I have an xlsx that includes a column of durations that are in the format HH:MM:SS
. I think it would be best to treat this column as a timedelta
data type but I cannot get read_excel
to do that.
To replicate this issue copy the below into an xlsx:
Duration
0 00:14:30
1 01:05:00
2 00:05:02
3 26:53:29
4 36:28:27
5 85:29:34
Then read the xlsx using similar to the below:
df = pd.read_excel('../data/test.xlsx', engine='openpyxl', index_col=0)

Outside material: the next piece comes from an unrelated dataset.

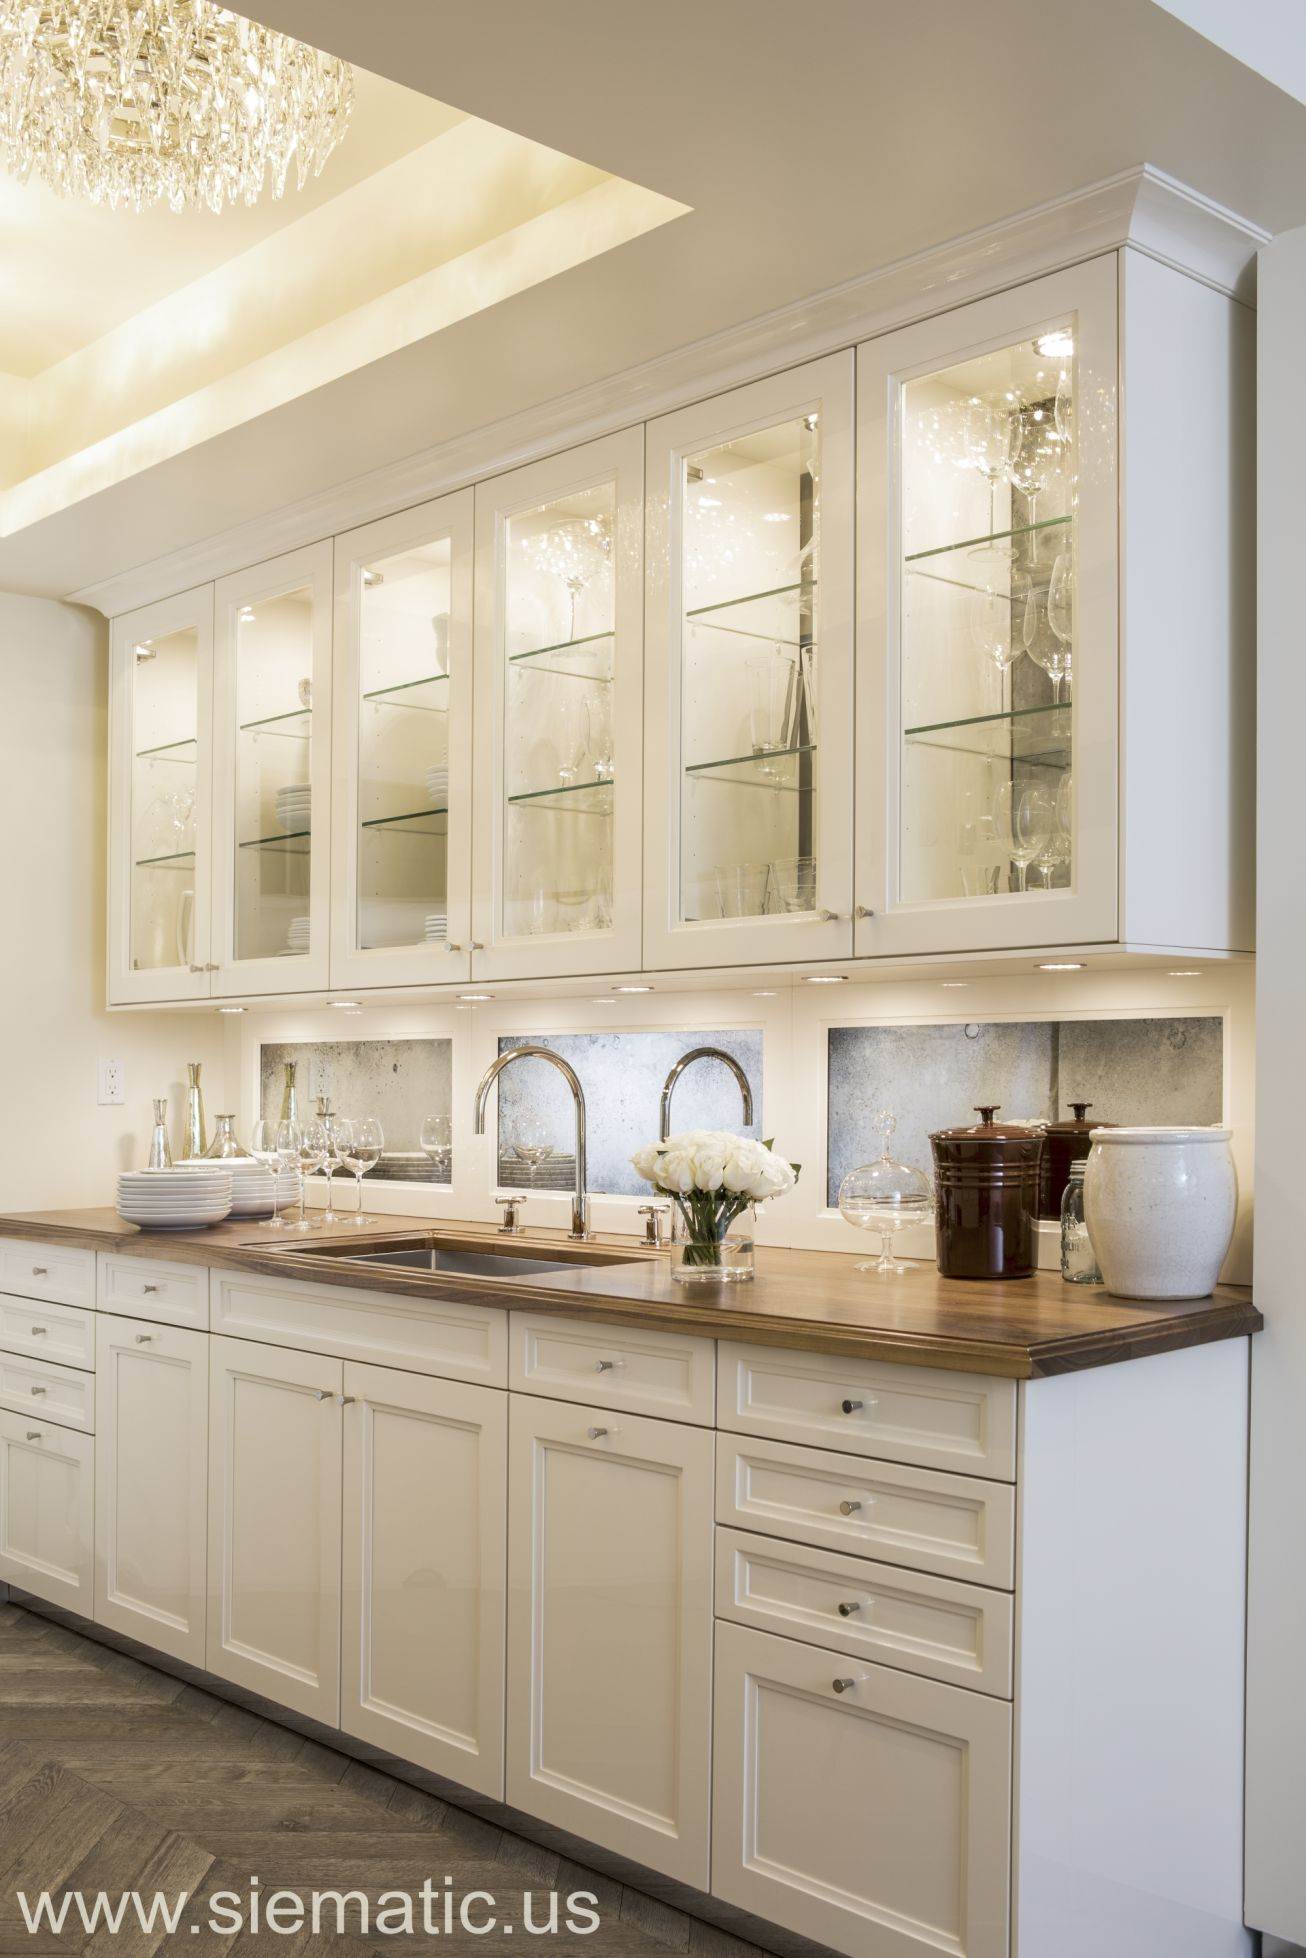 Siematic New York Classic Kitchen Design White Kitchen Interior Design White Kitchen Interior

You should end up with a dataframe like this, with a mix of time and datetime objects:
Duration
0 00:14:30
1 01:05:00
2 00:05:02
3 1900-01-01 02:53:29
4 1900-01-01 12:28:27
5 1900-01-03 13:29:34
I have tried the read_excel
options such as dtype
and converters
. None seem to have any effect.
The only way I have found to get this data in a timedelta format is to convert everything to a datetime by adding the time values to 1900-01-01 00:00:00
using the below.
def clean_durations(s):
ss = s.copy()
for i,value in s.items():
try:
ss[i] = datetime.combine(date(1900, 1, 1), value)
except TypeError as e:
ss[i] = value + timedelta(days=1) # add an extra day for durations interpreted as datetime
ss = pd.to_datetime(ss) - pd.to_datetime('1900-01-01 00:00:00')
return ss
df = pd.read_excel('../data/test.xlsx', engine='openpyxl', index_col=0, parse_dates=True)
df['Duration'] = clean_durations(df['Duration'])
Resulting in the desired:
Duration
0 0 days 00:14:30
1 0 days 01:05:00
2 0 days 00:05:02
3 1 days 02:53:29
4 1 days 12:28:27
5 3 days 13:29:34
This feels like I am building something that should already be part of pandas.
Can anyone provide a way to achieve the same thing directly with pandas read_excel or similar?